Fast-forward to this year and I really wanted my 5 1/2 year old daughter to start classes. She has trouble focusing and sitting still so I hope she can learn discipline from studying Martial Arts. I know it helped me a lot back in the day. The only thing around here are various Tae Kwan Do schools so after trying a couple we found one that seems really good. After just a few weeks I had to sign up too. It’s been great. The master is amazing. 

Yet, I still struggle with the differences between my old style and this one. I’ve kept up practicing my old style off and on over the years and it seems so strange to suddenly do things differently. Has anyone else faced anything similar?  I almost feel like   I’m betraying my old style/school.  On the other hand, this new school is great and I feel so amazing getting to study with others again. 


Sent from my iPhone using Tapatalk


----------



## Tames D (Dec 24, 2017)

Welcome Michele. If you found a TKD dojang that you like, embrace it. That doesn't mean you are betraying Shotokan. You can still maintain your Shotokan skills and maybe even find a way to blend the two arts. My base art is Kung Fu San Soo for many years, but I have cross trained in a few other arts, and now have been training in Jeet Kune Do. I never felt I was betraying KFSS. I actually blend them together and make it work for me.


----------



## Headhunter (Dec 24, 2017)

You're not betraying anyone. It's your life you make your own choices you owe your old place and style nothing. As for the differences I've trained in different styles and never had a problem but best thing just do exactly what your told to do in class. But when no reason why you still shouldn't practice your old stuff. A builder doesn't throw out his old tools he sharpens them so they're ready if he ever needs them. In class do it how your told. But every martial artist has their own style there isn't or shouldn't be any clones so keep your old stuff, work hard on your new stuff and it'll help you be a better martial artist.


----------



## Gerry Seymour (Dec 24, 2017)

Welcome, and congratulations on finding a good "home" to get back into training. Don't worry about Shotokan - it doesn't get upset when you find a new art to love. Your previous training will (eventually) improve what you learn at the new school, and vice-versa. Keep having fun, and good luck with the little one!


----------



## Buka (Dec 24, 2017)

Welcome to MartialTalk, Michele. And Merry Christmas! 

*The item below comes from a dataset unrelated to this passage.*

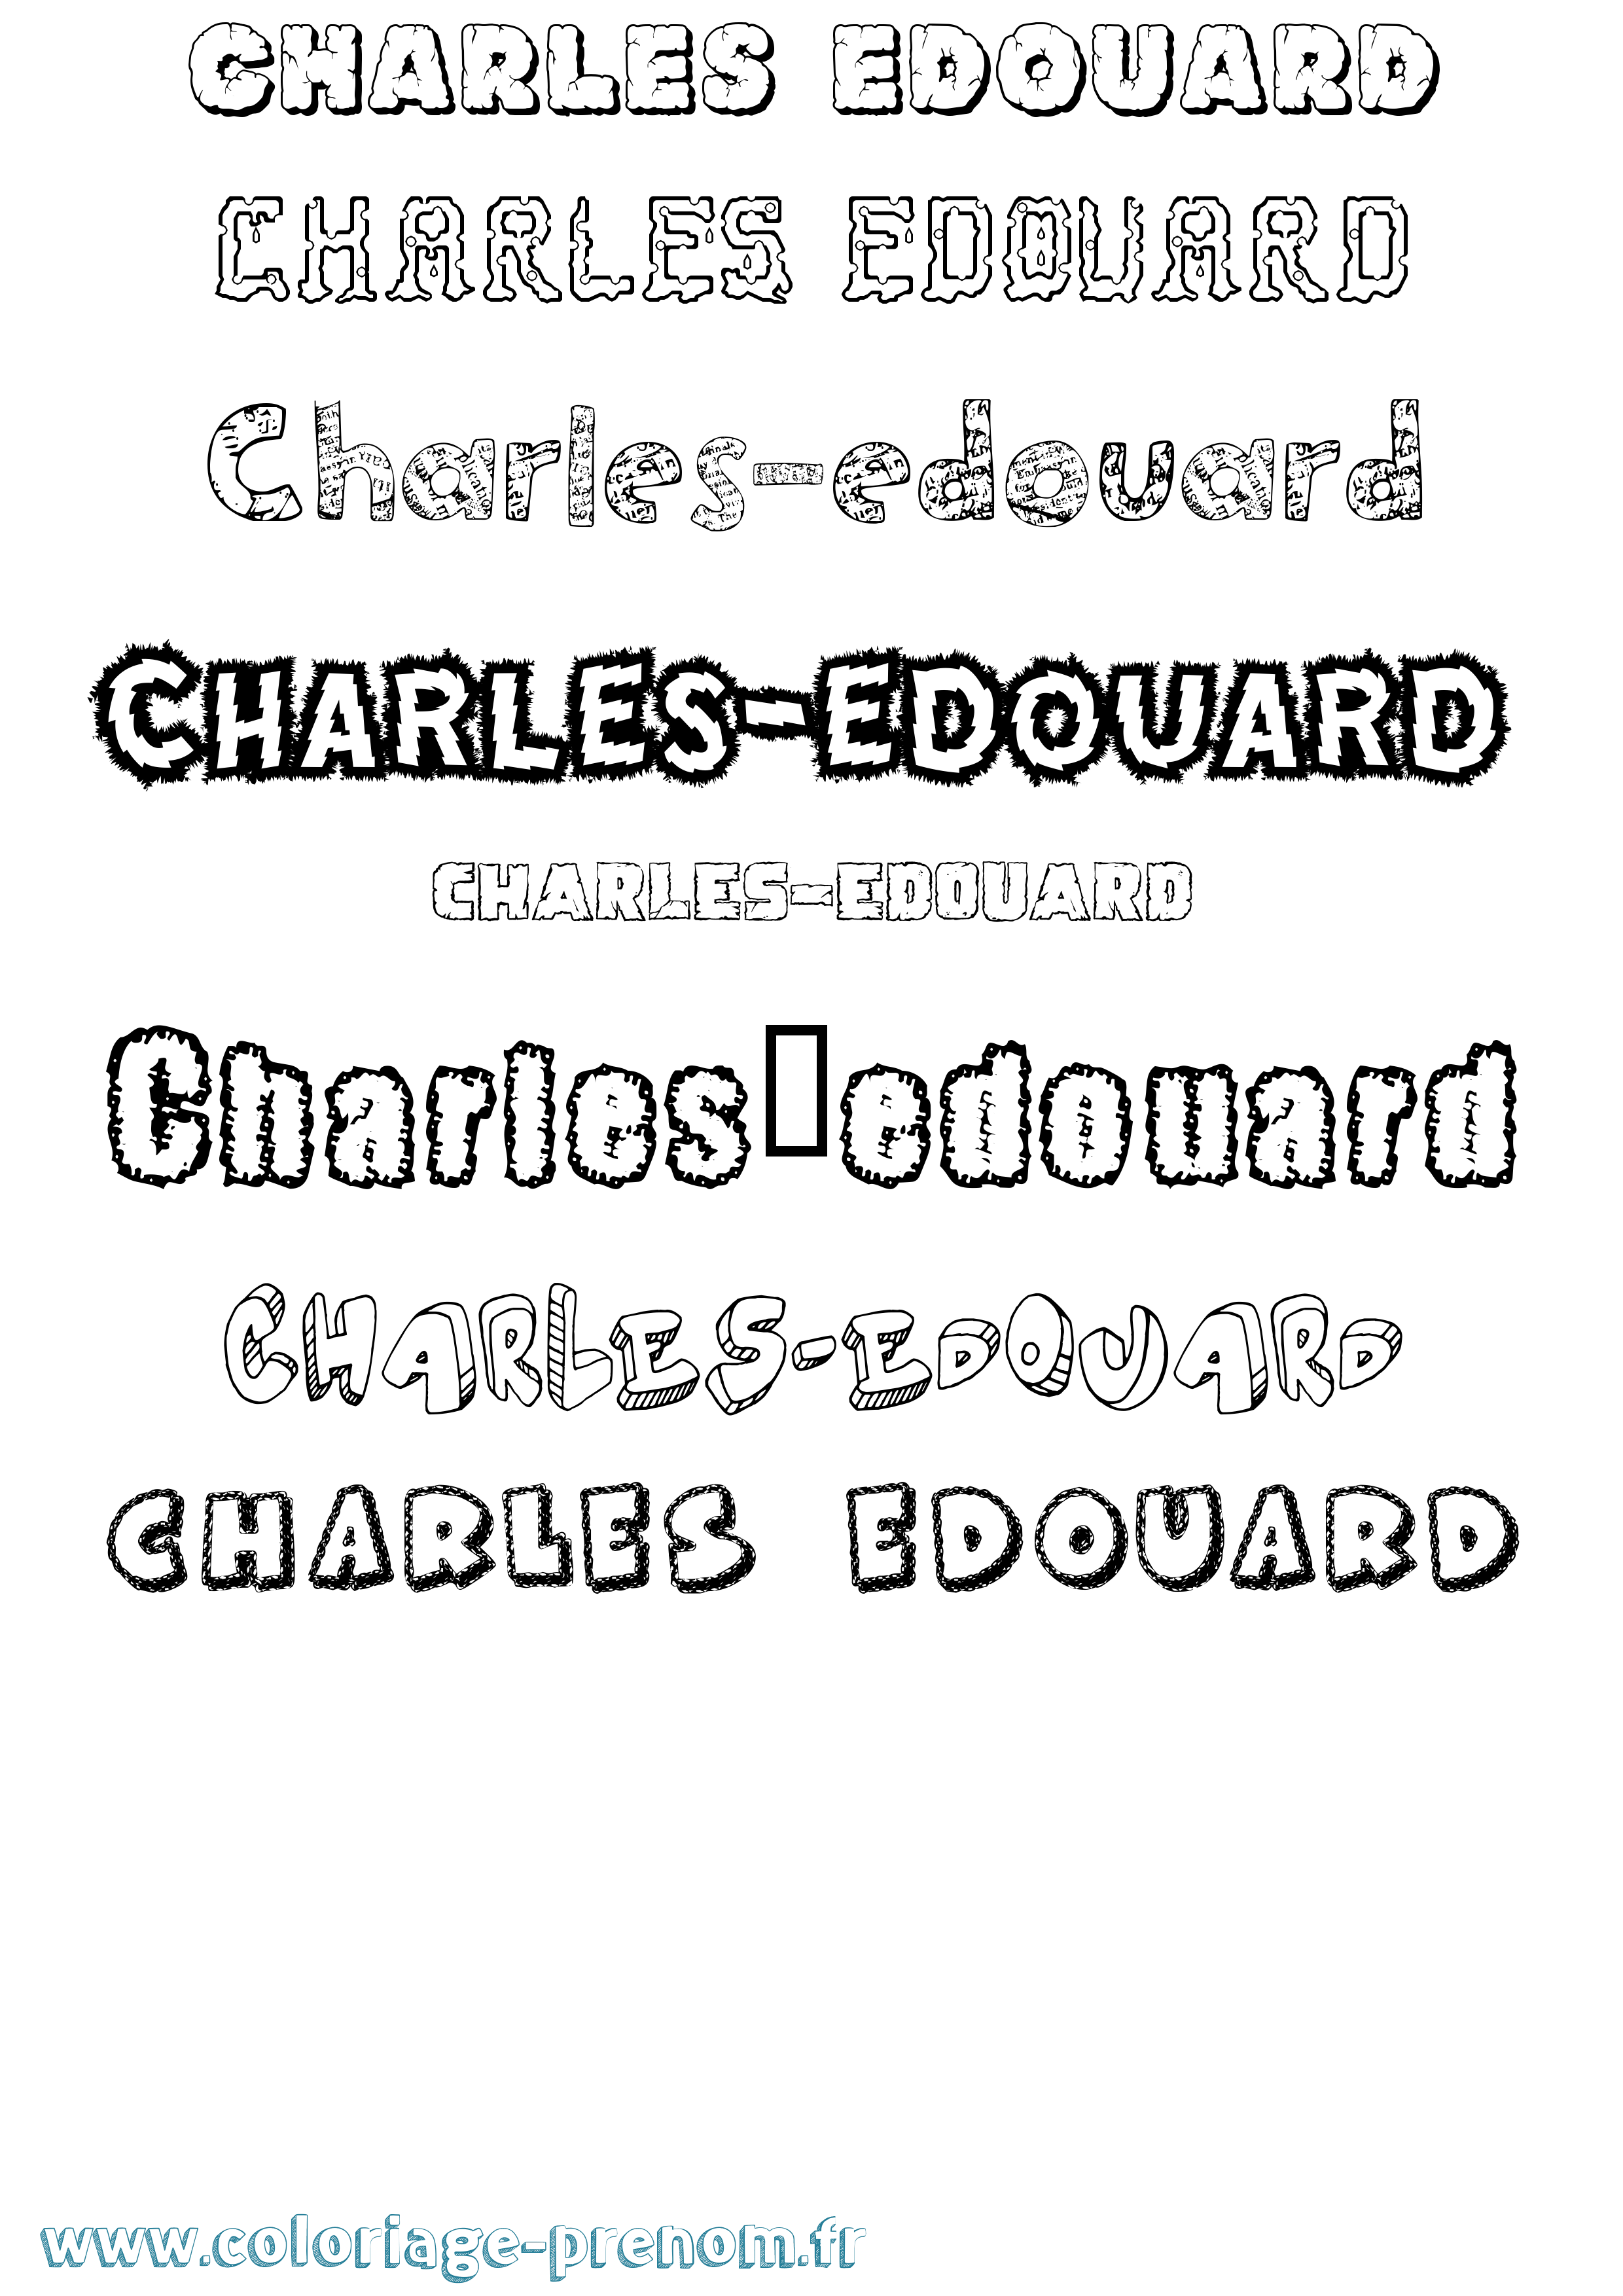 Coloriage prénom Charles-Edouard Destructuré

Sounds like you and your daughter are in a good place. Just go with the flow and enjoy all of it. And keep us posted.


----------



## Michele123 (Dec 25, 2017)

Thank you everyone!  I am very excited about the current school and especially having my daughter train. 

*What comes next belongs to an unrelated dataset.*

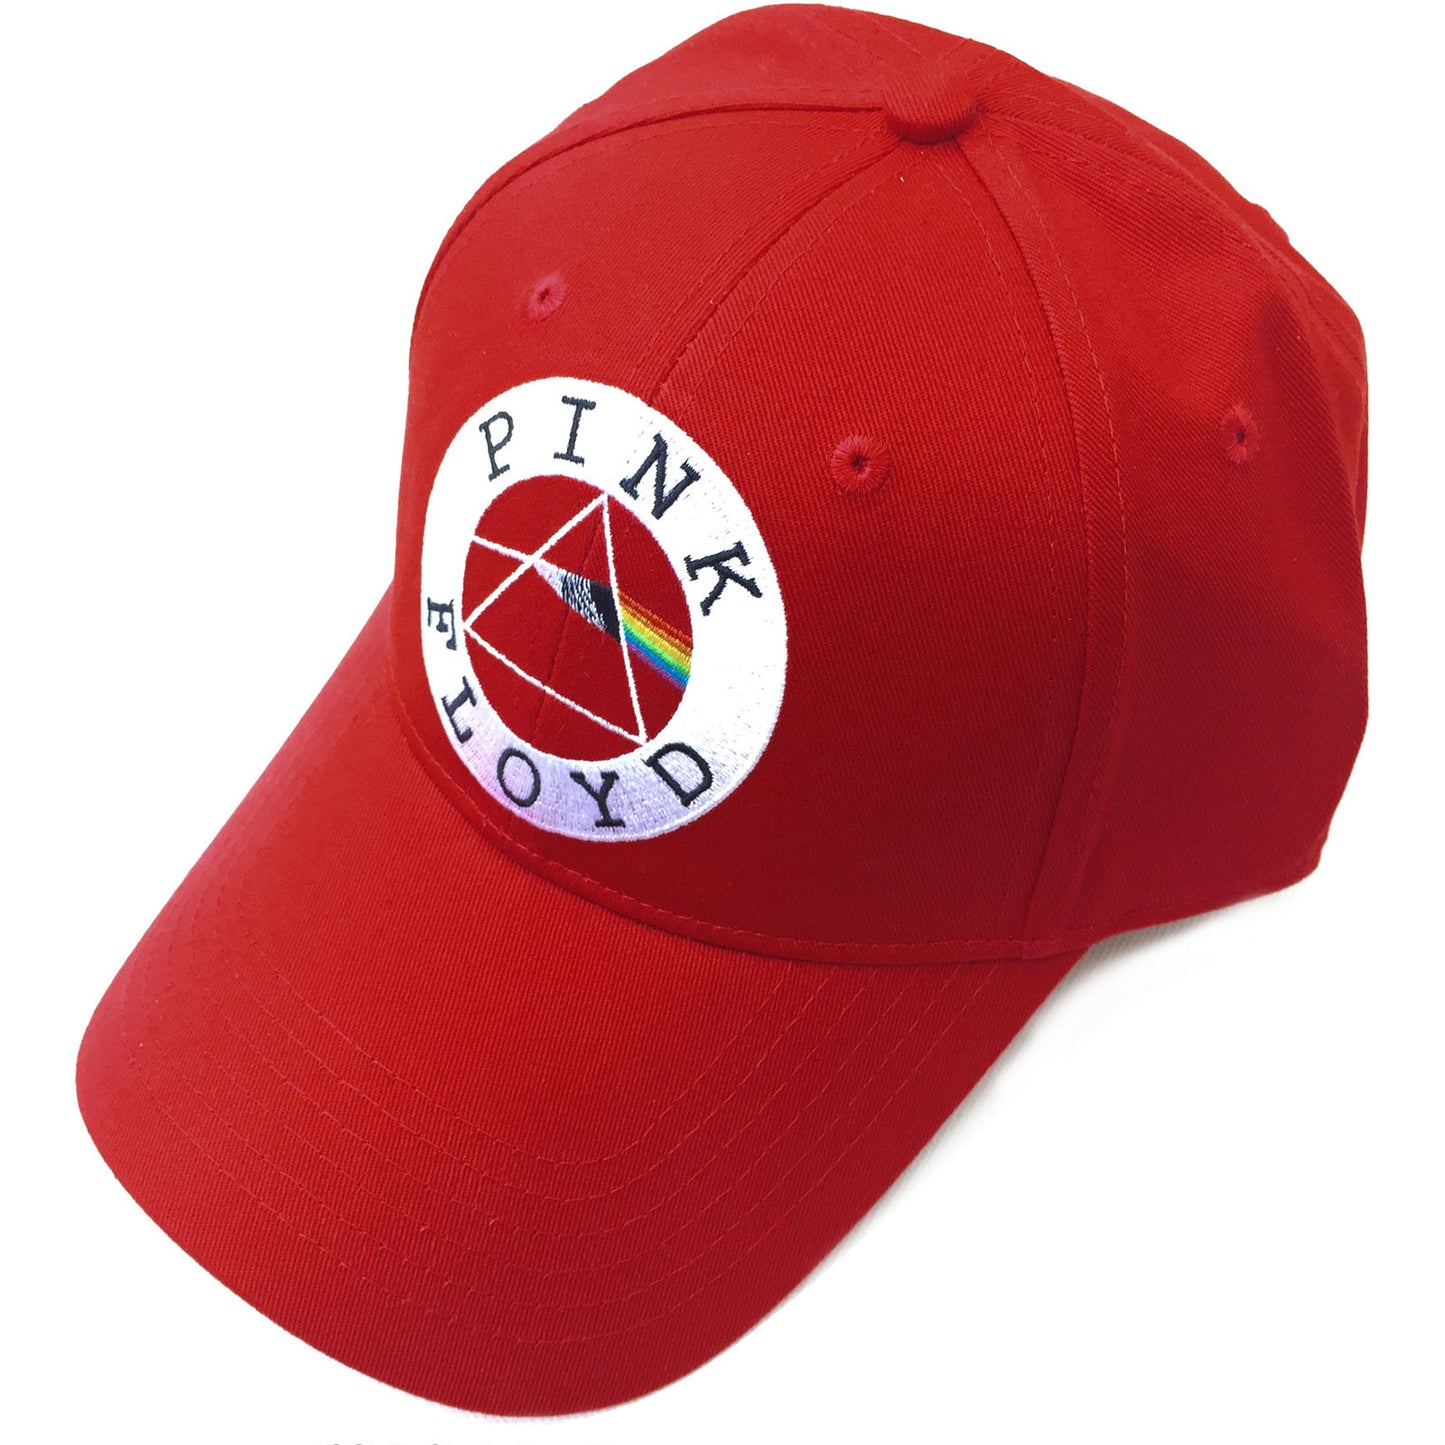 Pink Floyd Baseball Cap: Circle Logo

Just to clarify, the style I studied was called Shutokan. An off-shoot of Shotokan but not the same thing. 

Has anyone else trained with their young child?  How did it go?  Any pitfalls to watch out for?  My daughter is a bit of a perfectionist and rather competitive. I worry how she will respond when I progress more quickly than she does. 


Sent from my iPhone using Tapatalk


----------



## JR 137 (Dec 25, 2017)

Michele123 said:


> Thank you everyone!  I am very excited about the current school and especially having my daughter train.
> 
> Just to clarify, the style I studied was called Shutokan. An off-shoot of Shotokan but not the same thing.
> 
> ...


I trained with my 5 year old daughters for almost a year.  She stopped because she got bored.  She hit that point where she wasn’t learning something new every single time.  It broke my heart, but I understand.  My happiest day in the dojo, by far, was the day I first tied on her white belt.  The school I attend isn’t like the McDojos that have a million belts, a dojo clown/mascot, patches and the like for every little thing, etc.  I’m not against that stuff for the little ones, so long as they’re actually learning the art and it isn’t a glorified daycare center.  Honestly, I think where I go is a bit too “boring” in that regard for kids.  They learn their stuff, but there’s no frills.

Don’t force your daughter to go.  Definitely coax her when she doesn’t “feel like it,” but if you get to the point where you’re constantly dragging her to the dojo, back off.  If you push too hard when she’s this young, you might form a strong negative association in her mind.  After a few consistent weeks of “I don’t want to go today,” I had to ask myself if her going was really for her or if it was for me.

I hope she’ll return when she’s older.  And I hope my youngest will start some day.


----------



## Brian R. VanCise (Dec 26, 2017)

Welcome to MartialTalk!


----------



## Headhunter (Dec 26, 2017)

Michele123 said:


> Thank you everyone!  I am very excited about the current school and especially having my daughter train.
> 
> Just to clarify, the style I studied was called Shutokan. An off-shoot of Shotokan but not the same thing.
> 
> ...


I trained my son and daughter in karate from a young age as I did and still believe karates the best start for a young child rather than boxing or kickboxing as it focuses more on defence than offence(well my style of karate does anyway) they both trained kickboxing with me in their teens, my son quit at about 16 because he wanted to focus on running which he's now very good at. My daughter carried on training but did more grappling as she got older winning judo and jiu jitsu comps but has now just had her first Muay Thai fight which I was in the corner for.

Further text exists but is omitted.